Eigenvalue asymptotics of M\"uller minimizers for atoms and molecules

TL;DR

This paper analyzes the eigenvalue decay of M"uller minimizers for atoms and molecules, establishing asymptotic behavior under certain conditions and introducing new techniques for handling singularities and decay properties.

Contribution

It provides the first eigenvalue asymptotics for M"uller minimizers, with explicit constants, extending Sobolev's methods to this functional.

Findings

Eigenvalues decay as A_* k^{-8/3} for large k.

Asymptotic behavior holds for large Z and N up to Z - C_0 Z^{1/3}.

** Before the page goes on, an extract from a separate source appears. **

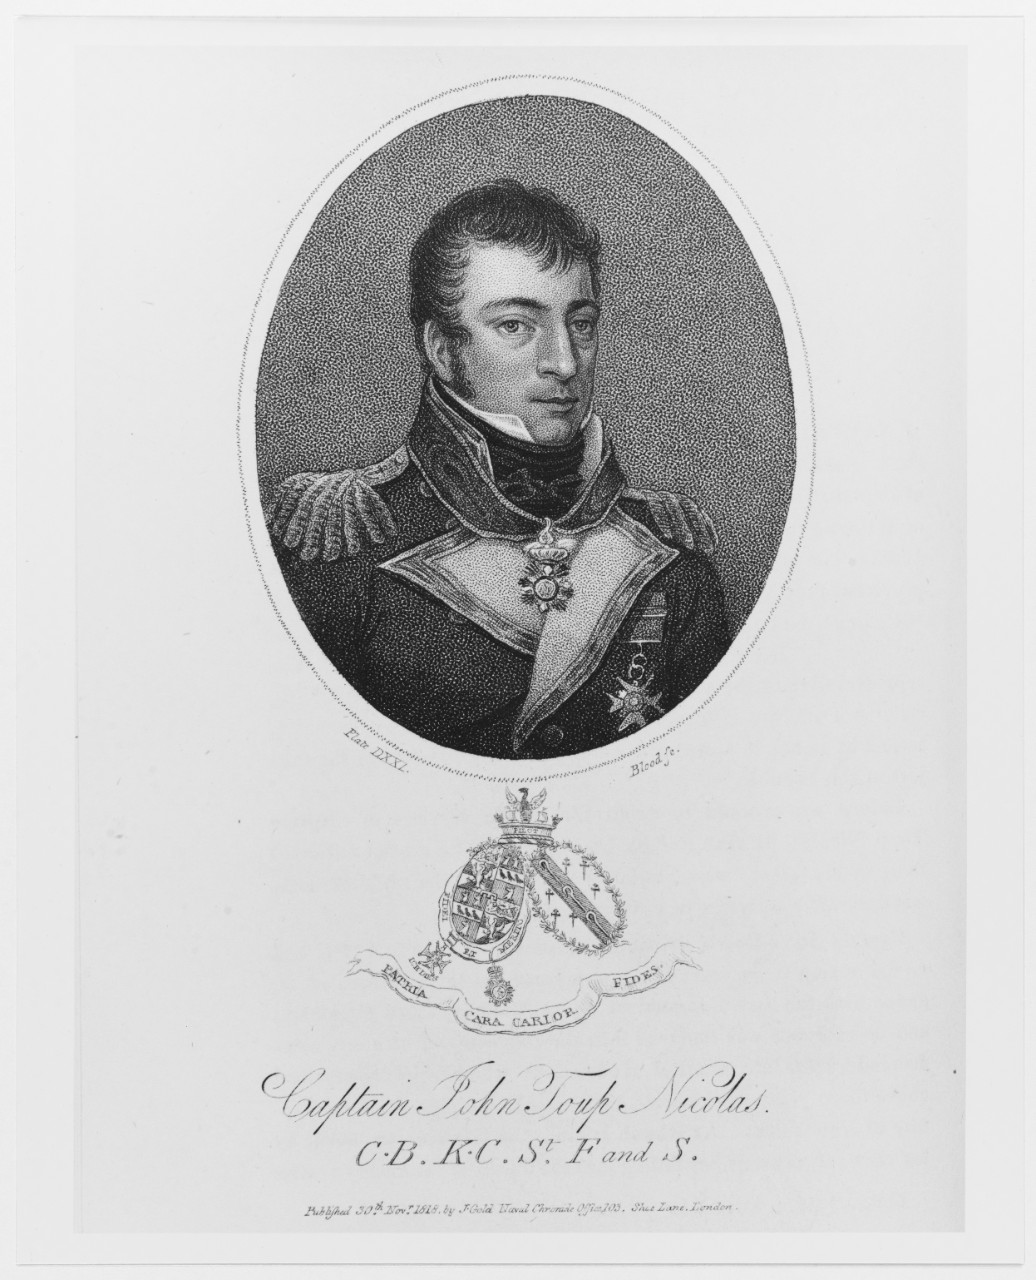 Engraving of Captain John Toup Nicolas, R.N. (1788-18--?), British Naval Officer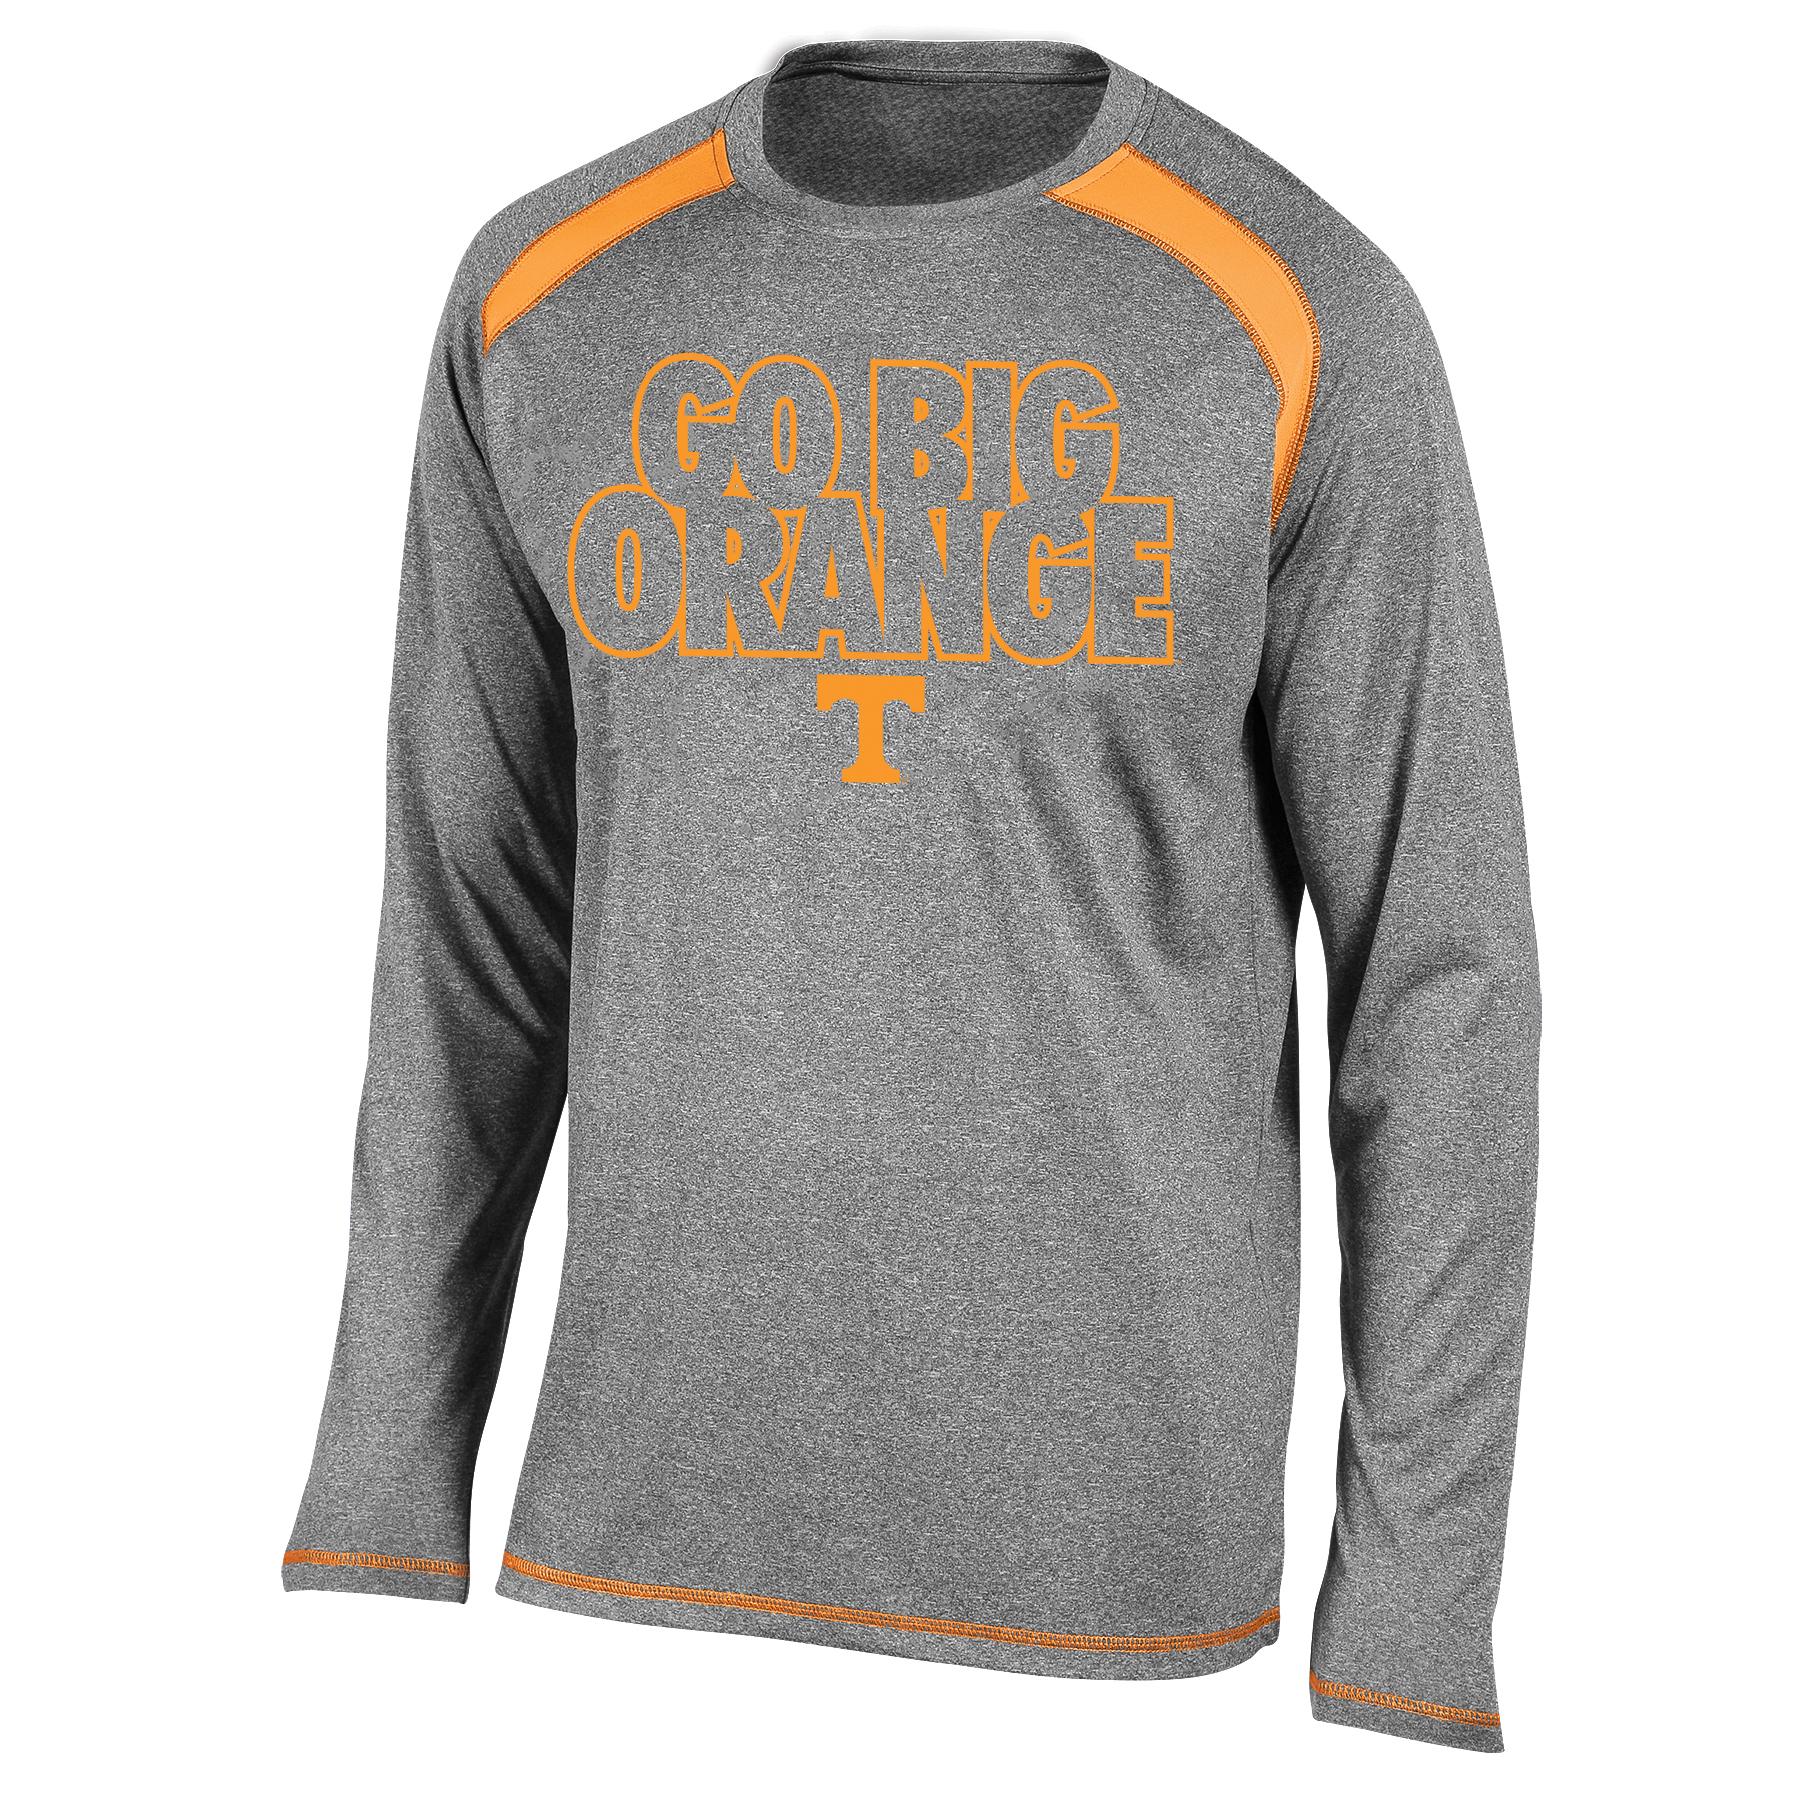 NCAA Men's Athletic Shirt - University of Tennessee Volunteers

New analysis techniques for singular kernel behavior and decay at infinity.

Abstract

We study the spectral properties of minimizers of the M\"uller functional for atoms and molecules with $N$ electrons and total nuclear charge $Z$. We prove that under some suitable assumptions on $Z$ and $N$, the $k$-th eigenvalue of a M\"uller minimizer $\gamma_*$ behaves as $A_* k^{-8/3}$ when $k\to \infty$, with a constant $A_*>0$ determined explicitly by the density of $\gamma_*$. In particular, in the atomic case $V=Z|x|^{-1}$ our assumption holds if $Z$ is sufficiently large and $N\le Z- C_0 Z^{1/3}$. While our proof is inspired by Sobolev's work on the asymptotic behavior of the one-particle density matrix of Schr\"odinger ground states, the analysis in M\"uller theory requires several new ingredients concerning both the singular behavior of the integral kernel of the minimizers near the diagonal and the decay properties at infinity.